ACK Red Blood Cell Lysis buffer(RBC, 10 mM KHCO3, 150 mM NH4Cl, 0.1 mM EDTA, pH 8.0), adjust to pH 7.2-7.4 and store at room temperature).

PBS (Phosphate Buffered Saline, Hyclone, Waltham, MA).

Flow cytometry (FACS) media(PBS or IMDM + 2% FBS + 5 mM EDTA). When staining using Selectin-Fc chimeras, media with 2 mM Ca++ should be used in all steps (including FACS acquisition). IMDM is recommended in this case.

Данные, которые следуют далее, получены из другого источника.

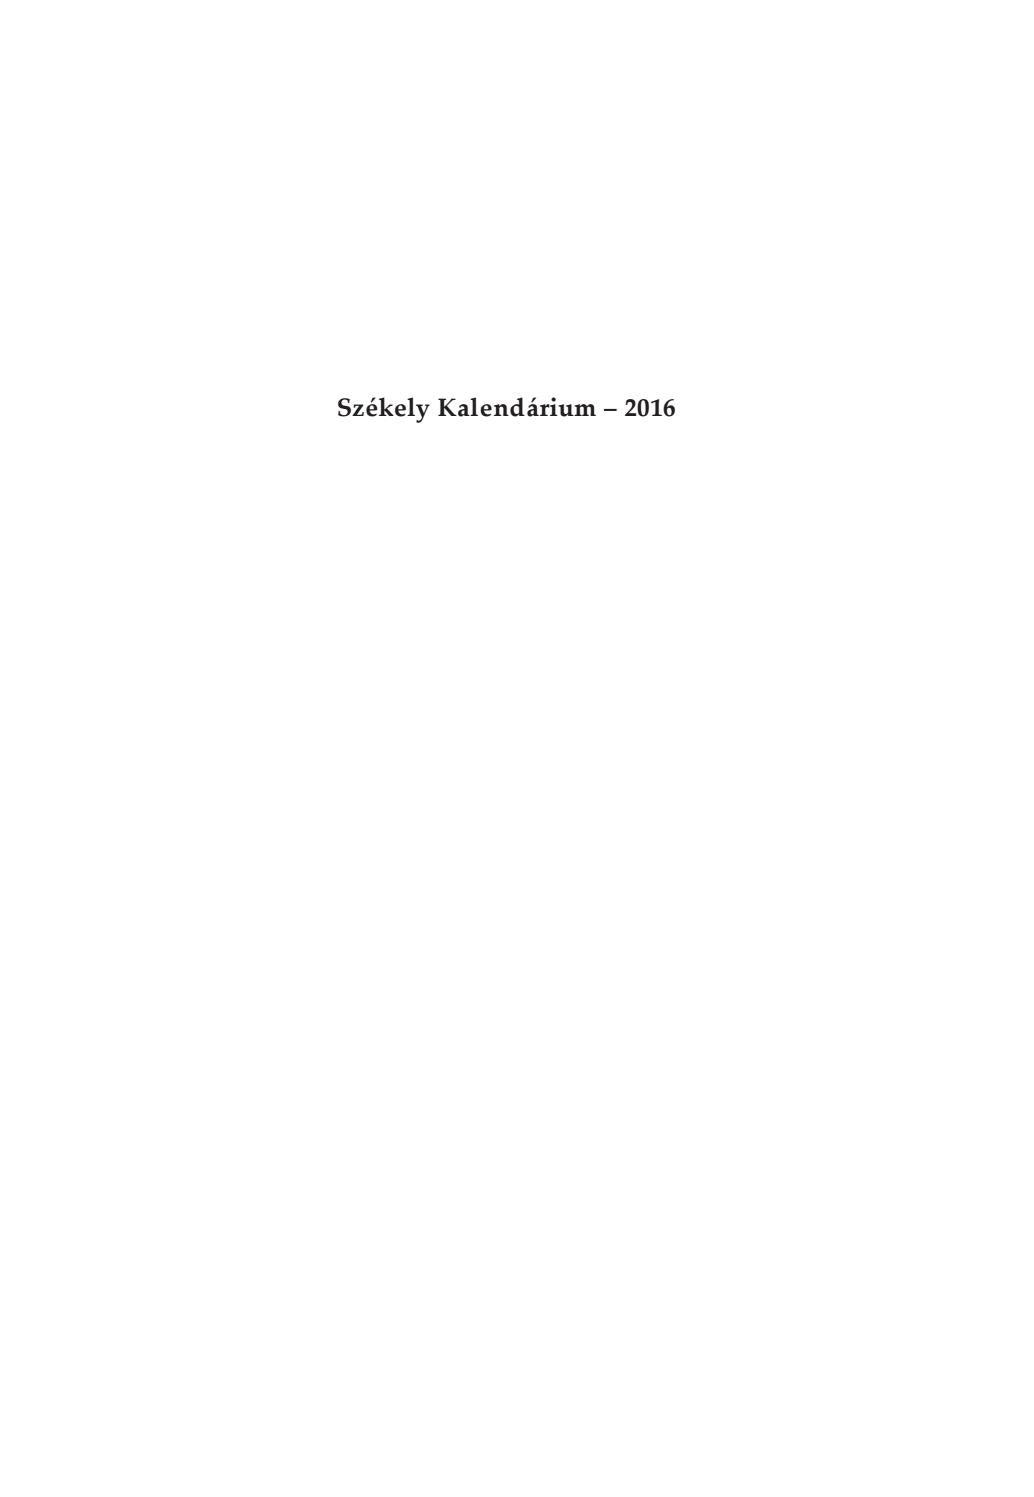 Nógrád Megyei Hírlap, december ( évfolyam, szám)   Könyvtár   Hungaricana

T cell labeling and adoptive transfer: CFSE(carboxyfluorescein diacetate, succinimidyl ester), CMTMR ((5-(and-6)-(((4-chloromethyl)benzoyl)amino) tetramethylrhodamine) from Molecular Probes®, Invitrogen, Carlsbad, CA). 1000 x stocks should be made in DMSO (5 mM CFSE, 20 mM CMTMR) and stored at -20°C.

Polyclonal T cell activation: 24-well or 96-well plates (tissue-culture treated, polystyrene, flat-bottom with lid, BD Falcon, Franklin Lakes, NJ) are incubated for 2 hours at 37°C with 50 ml PBS, respectively, containing anti-CD3 plus anti-CD28 antibodies (10 mg/mL each). Then, culture plates are washed twice with PBS and used immediately for T cell culture. Alternatively, Dynabeads coated with anti-CD3/anti-CD28 (Dynal, Invitrogen, Carlsbad, CA) can be used for T cell activation instead of plate-bound antibodies.

Flow cytometry (FACS) staining: Polyclonal activation: CD3 (1452C11), CD28 (37.51). Lineage mAb: CD4 (L3T4), CD8a (Ly-2), Thy1.2 (CD90.2/53-1.2), CD45.2 (104). Gut-homing receptors: purified CCR9 (CD199/eBioCW-1.2, eBioscience, San Diego, CA), a4b7(LPAM-1/DATK3), isotype control (IgG2a, k). Skin-homing receptors: P-selectin-Fc (Purified Mouse P-Selectin - IgG Fusion Protein, BD Pharmingen, San Jose, CA), E-selectin-Fc (Recombinant Mouse E-Selectin/Fc Chimera, R&D Systems, Minneapolis, MN) plus corresponding secondary reagent goat F(ab’)2 anti-human IgG R-PE (Invitrogen, Carlsbad, CA).

All-trans retinoic acid(Sigma, St. Louis, MO)is resuspended in absolute ethanol or DMSO using a yellow bulb or an indirect source of light during the preparation. Store aliquots in glass vials at -80°C and protected from light at all times. Synthetic RAR-agonists: Am80(Wako Chemicals, Richmond, VA).